激光冲击强化42CrMo钢磨损与腐蚀性能研究
发布时间:2018-11-04 08:36
【摘要】:42CrMo钢作为石油领域常用的合金工具钢,因其经常工作在非常复杂的环境中,因此要求其具有良好的耐腐蚀及耐磨损性能。而激光冲击强化作为近几十年间迅猛发展起来的新型材料表面强化技术,因其相比传统表面强化技术具有强化层微观结构及残余应力状态均表现出较高稳定性的优点,因此常将其用于提高材料的耐腐蚀、疲劳及磨损性能。本文以42CrMo钢为研究对象,通过激光冲击试验、有限元模拟分析及腐蚀电化学和摩擦磨损试验研究42CrMo钢激光冲击强化诱导残余应力场的大小和分布及材料耐腐蚀和耐磨损性能,主要研究工作如下:(1)采用有限元模拟软件ABAQUS对激光冲击诱导残余应力场进行模拟仿真分析,研究激光冲击强化后残余应力在表面及深度方向的大小和分布。研究表明:激光冲击应力波传播理论时间与数值模拟结果所得到的时间误差很小。3种激光功率密度的最大残余应力值均存在于靶材表面。随着表面及深度方向远离冲击中心,残余压应力值也随之减少。激光冲击表面影响半径为2.0mm,在深度方向的影响深度为0.3mm。利用激光冲击仪器对42CrMo钢进行激光冲击强化试验,研究42CrMo钢试样激光冲击强化前后硬度、粗糙度及残余应力变化。结果表明:42CrMo钢激光冲击处理后在材料表面产生了残余压应力层,残余压应力影响层深度约为0.6mm;与未经过冲击处理的试样相比,冲击后试样的表面残余压应力值提高3~4倍,冲击试样的表面硬度分别提高了3.9%、8.6%和16.9%。激光功率密度为11.32GW/cm2的表面粗糙度明显大于5.66 GW/cm2,与未进行冲击处理试样的表面粗糙度,其粗糙度值为4.02μm。(2)在UMT-2摩擦磨损试验机上对激光冲击前后42CrMo钢试样进行摩擦磨损试验,分析激光冲击参数对42CrMo钢摩擦系数、磨损量及磨痕形貌的影响。

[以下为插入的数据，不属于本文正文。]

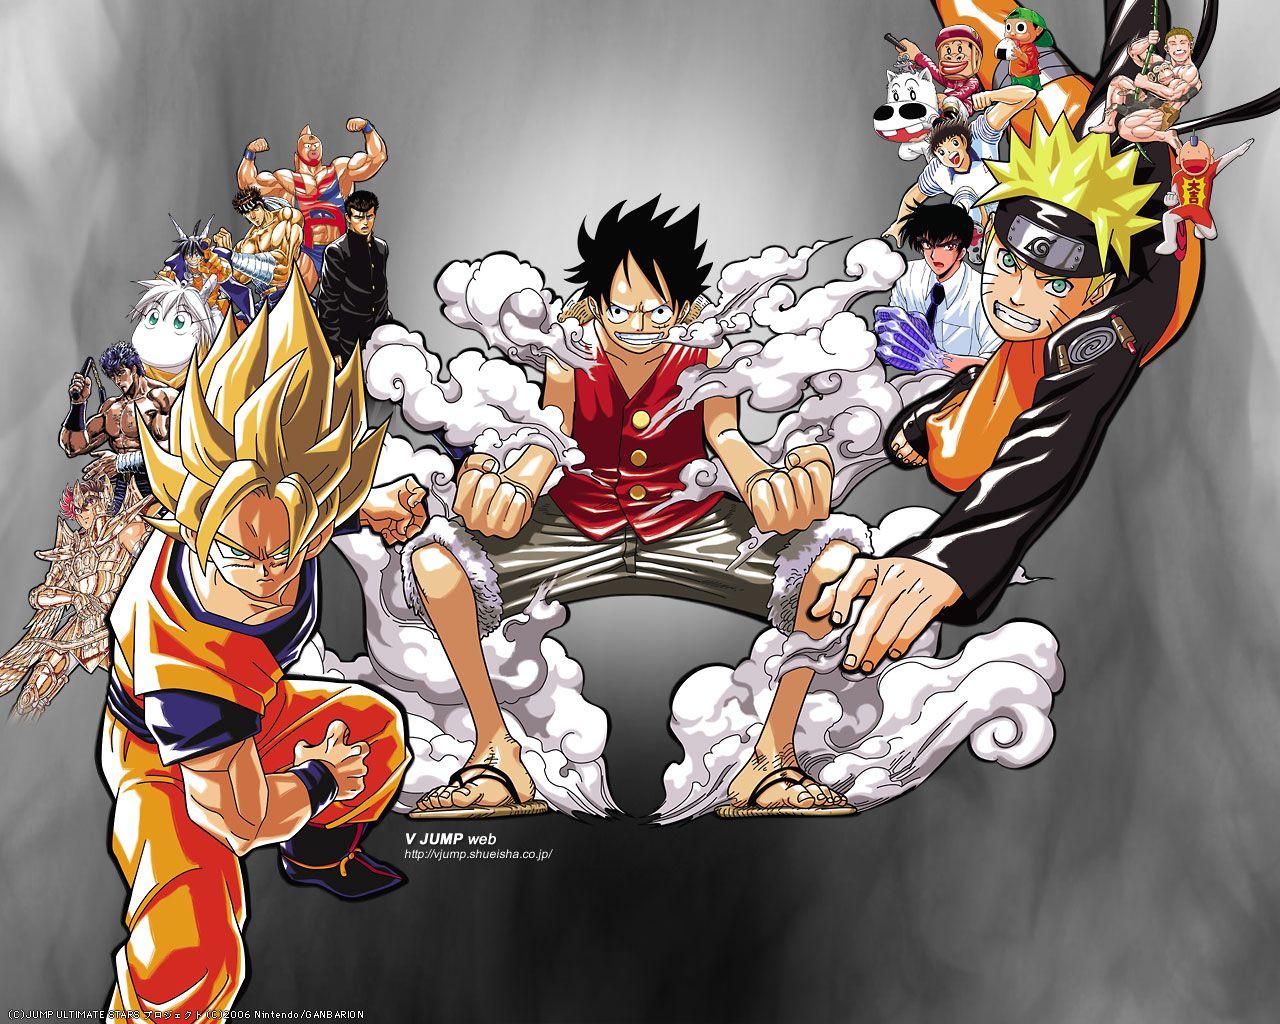 Hãy chiêm ngưỡng đội hình Goku Luffy Naruto với những hình nền hoành tráng đầy màu sắc. Tại đây, những siêu anh hùng của thế giới manga sẽ tái hiện chân thực trên màn hình điện thoại của bạn. Hãy sẵn sàng bị cuốn hút bởi vẻ đẹp và sức mạnh của họ.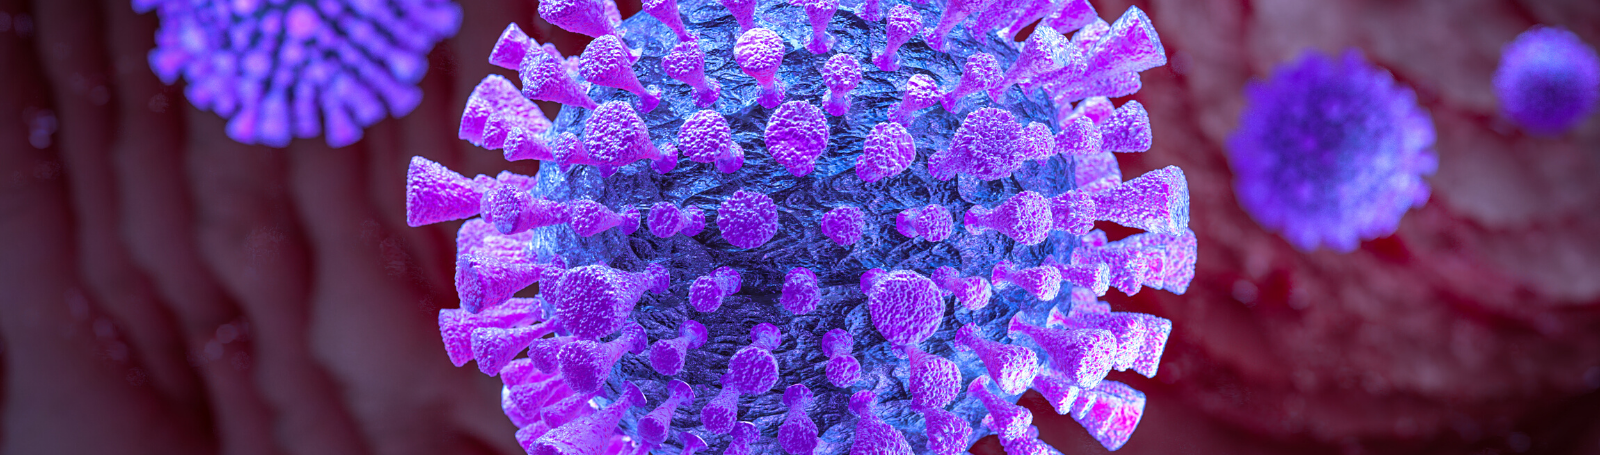 coronavirus, close-up of virus

结果表明:与未处理试样相比,激光冲击试样的摩擦系数和磨损量均随激光功率密度的增加而降低,2次冲击和3次冲击的摩擦系数分别为0.548和0.492,相比未冲击试样分别降低了14.9%和39.1%。激光冲击前试样的磨损机理为接触疲劳磨损,冲击处理后42CrMo钢试样磨损机理以磨粒磨损为主,激光冲击明显改善了42CrMo钢的摩擦磨损性能。(3)对42CrMo钢在海水腐蚀环境3%NaCl溶液中进行电化学腐蚀试验,研究42CrMo钢腐蚀热力学、腐蚀动力学参数及腐蚀表面形貌。结果表明:与未处理试样相比,激光冲击处理后42CrMo试样表面自腐蚀电位最高正移量约为0.069V,表现出较低的腐蚀倾向;自腐蚀电流密度正移,最小腐蚀电流密度存在于功率密度5.66GW/cm2、2次激光冲击试样,表现出较低的腐蚀速度。激光冲击处理后的腐蚀形貌较为平整,腐蚀凹坑减少,说明激光冲击处理能够显著提高42CrMo钢表面的电化学腐蚀性能。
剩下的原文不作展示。